その結果、パスワードレス革命は、その約束や、ますます盗まれやすく悪用されやすくなっているパスワードを生体認証やワンタイムパスコード、セキュリティキーなどに置き換えるという魅力的な前提にもかかわらず、完全に実現することはないかもしれません。
最近のRSAレポートによると、「パスワードレスの導入は停滞しており、90%の組織がカバレッジのギャップやユーザー体験の悪さによる課題を報告しています。」
課題は多岐にわたります。レガシーな産業システム、自社開発アプリ、ドアや施設のアクセスシステム、IoTだけでなく、パスワードレスソリューションの通常のワークグループ展開でさえ、決して「通常」ではありません。異なるオペレーティングシステムや特殊なアクセス要件は、通常、企業が複数のパスワードレスパッケージを導入する必要があることを意味し、これがコスト増や時間の浪費、運用の遅延や摩擦を生みます。最悪の場合、攻撃者が複数のパスワードレスシステムの隙間を突こうとするため、新たなセキュリティホールが生まれることもあります。

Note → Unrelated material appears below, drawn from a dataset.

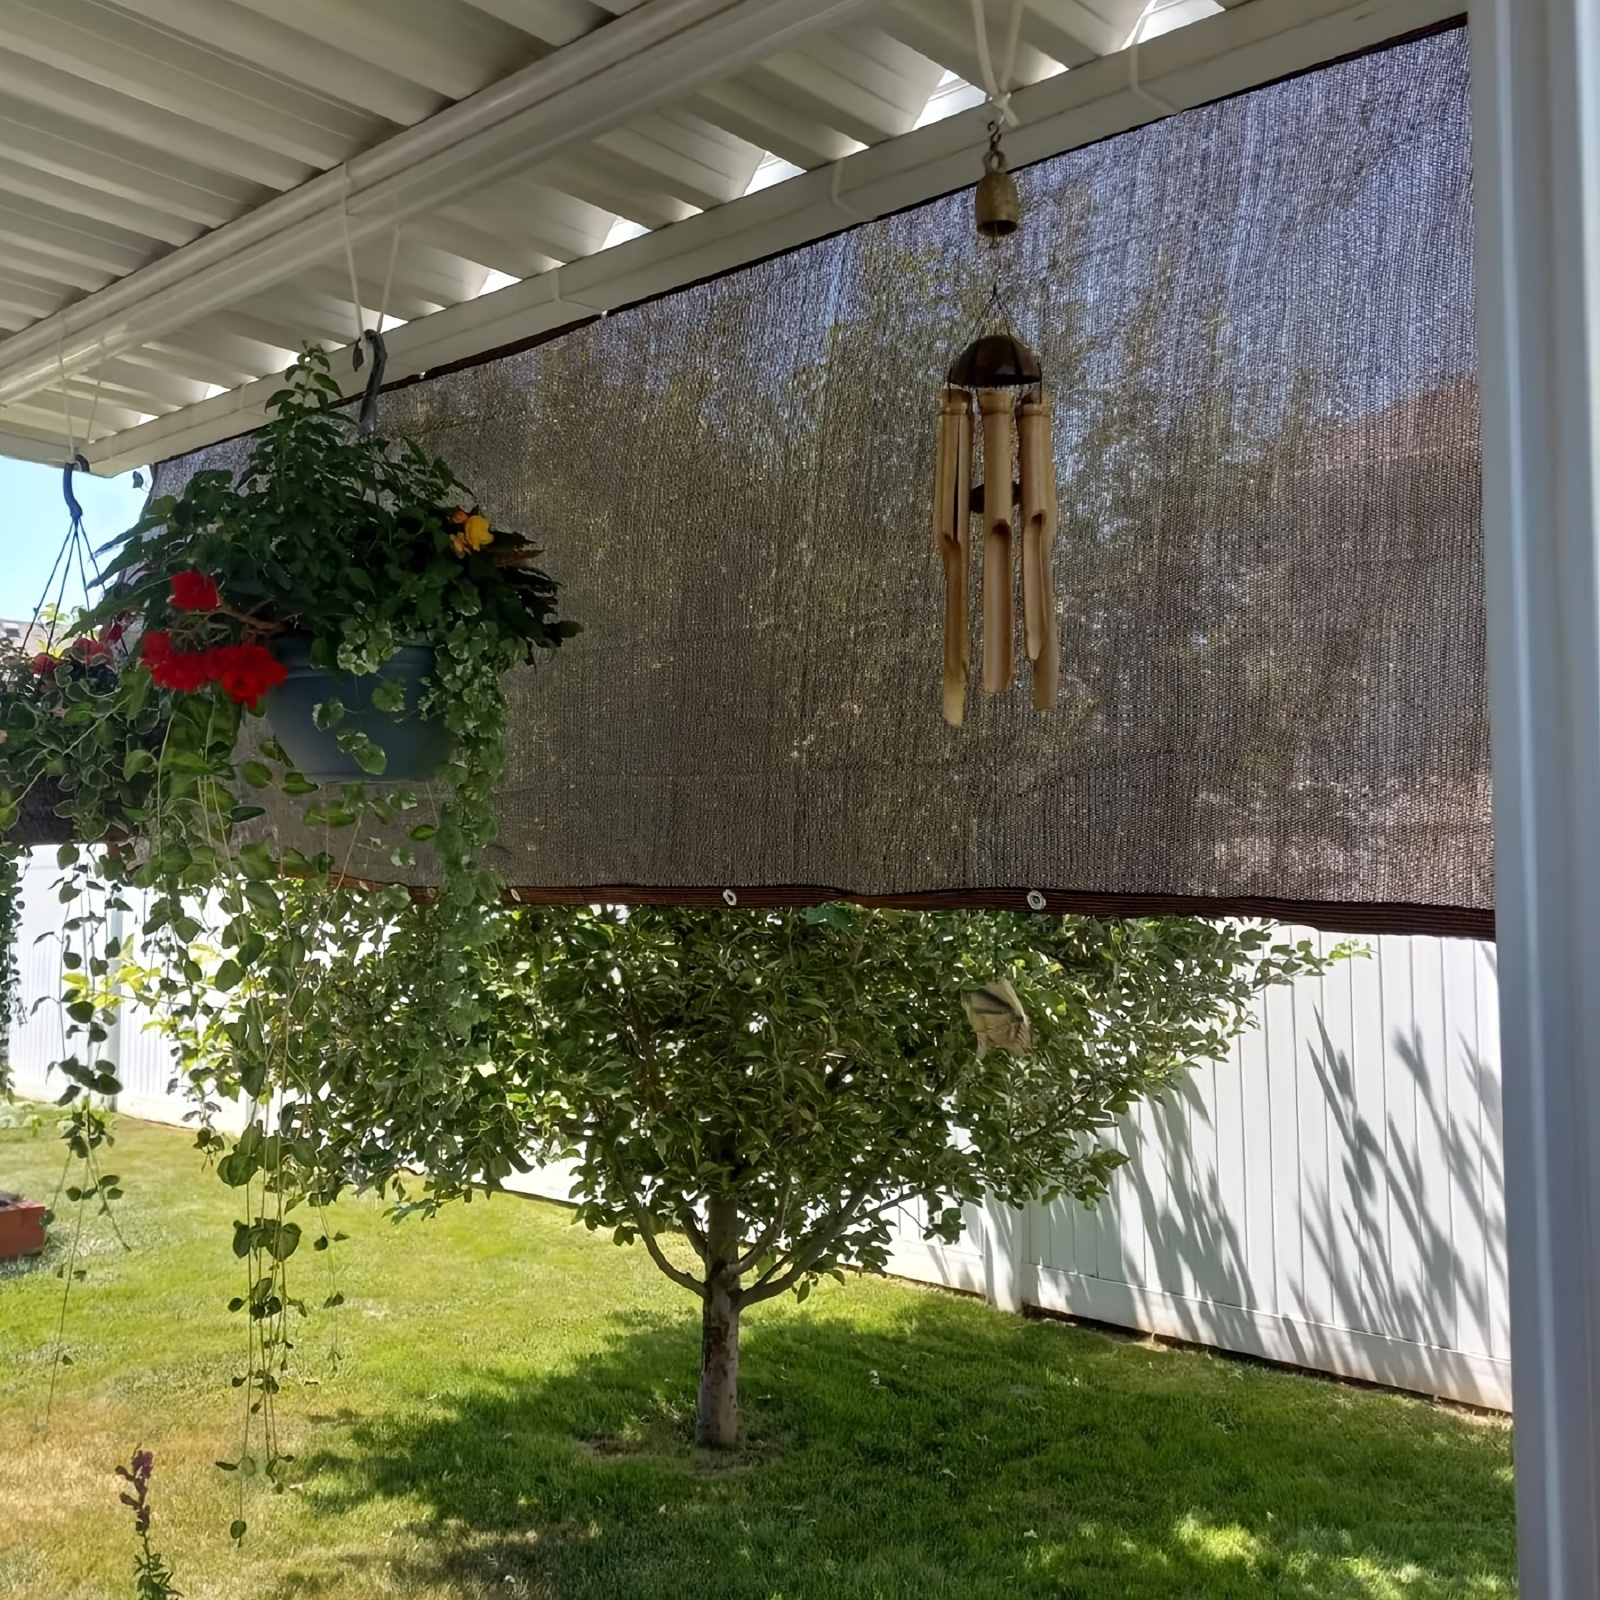 

1pc 80% Shade For Backyard Sun Shade Cloth Pergola Shade Cover For Garden Balcony Shade Canopy Deck Shade For Outdoor Patio Pergola Yard Backyard

セキュリティアナリストや実務者は、ほとんどの企業が既存のパスワードレスオプションで脅威の75%から85%をカバーできると見ています。しかし、最もパスワードレス化が困難なシステムを含む残りの15%こそが、本当の頭痛の種です。
「その最後の15%を埋めるのは特に難しいでしょう。特に組み込みシステムや産業用制御を含むOT(運用技術)環境では」と、Moor Insights & StrategyのVP兼主席アナリストであるウィル・タウンゼント氏は語ります。「OT、IoT、組み込みLinux、そして製造分野のものは特に難しいでしょう。」
タウンゼント氏はさらにこう付け加えます。「DIYのものは特に厄介です。このプロセスは、これらの異なるツールを管理する上でリスクも生み出します。それでも、短期的な摩擦を上回る大きなメリットがあります。」
パスワードレスの課題とリスク
もう一つの重要なパスワードレスの課題は?選択肢が多すぎることです。どのパスワードレス方式にするのか?FIDO2か生体認証か?生体認証なら顔・網膜・指紋・静脈位置のどれか?それぞれに長所と短所があり、企業は多様な方式を必要とするため、管理の手間も大きくなります。
さらに、パスワードレス機構が失敗した場合のバックアップの問題もあります。もし設計上、パスワードにフォールバックするなら、それは本当の「パスワードレス」ではありませんよね?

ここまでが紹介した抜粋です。